This would be more of an x-file, IMO. And wherever you could place DeVito
would be entertaining.

------
omilu
When I was a teenager I was trying to impress some girls so I showed them the
head of this goat I had shot hunting, it had an impressive rack. I was storing
it in the fridge wrapped up in a trash bag because I wanted to show it to my
dad who was away on a trip.

Anyway they were kind of impressed cause they never saw that kind of thing
before being sheltered city girls. Then I had the inspiration to take the goat
head and sneak into the public pool and leave it in the life guard tower, the
girls were super excited like it was the funnest thing they ever did. It was a
great night. Don't know what ever happened with the lifeguard that found it.

The whole thing didn't have anything to do with satanism or ill will, just a
teenager trying to impress some girls and it worked.

------
Tunecrew
When I lived in Miami in the late 80s/early 90s there was a story about how
the main courthouse in Dade County had to clean up various parts of chickens,
goats, etc. most mornings from around the property. Allegedly, these were
sacrifices from practitioners of various Afro-Caribbean religions (just like
the article says) seeking to influence ongoing court cases.

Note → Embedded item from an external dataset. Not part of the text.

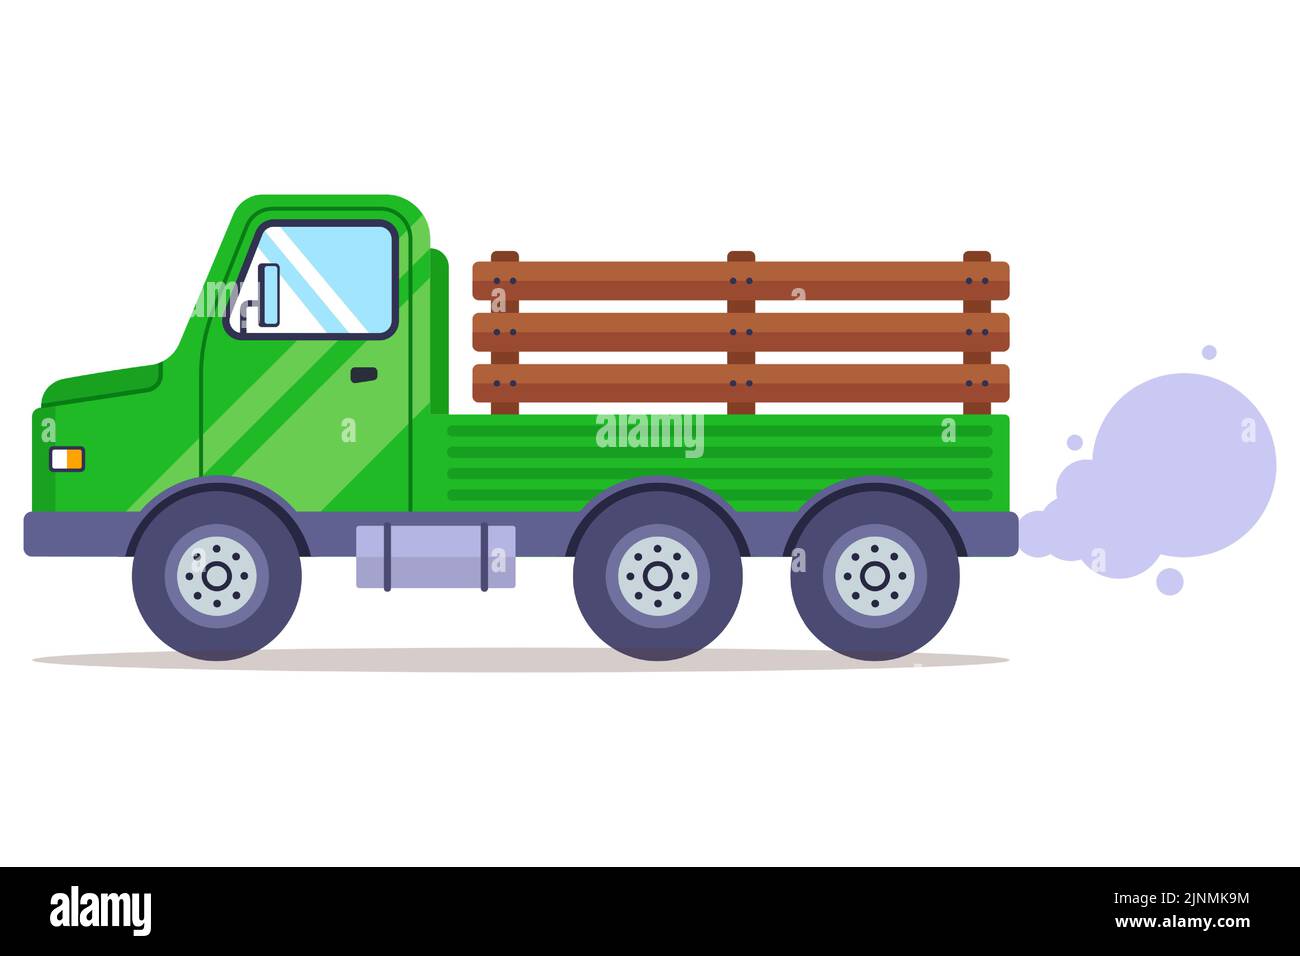 old green truck 50s in america. retro car for transportation of goods. flat vector illustration. Stock Vector

It sounds a bit crazy, but at that time there were fairly frequent stories in
the news about Santeria, etc. followers being arrested for sacrificing goats
in their backyard and so on.

I stepped into an elevator in an office building once and there was a (live)
rooster in it...

------
Semiapies
Just as a side note, I like reading a report about something where it's clear
the author did their homework and pounded the pavement.

------
crmd
My neighbor's dog found a cow tongue full of nails hammered through in
prospect park. I saw the pic this morning, it was pretty gross.

------
curiously
so with all the surveillance in the city they don't know who's been putting
these things up?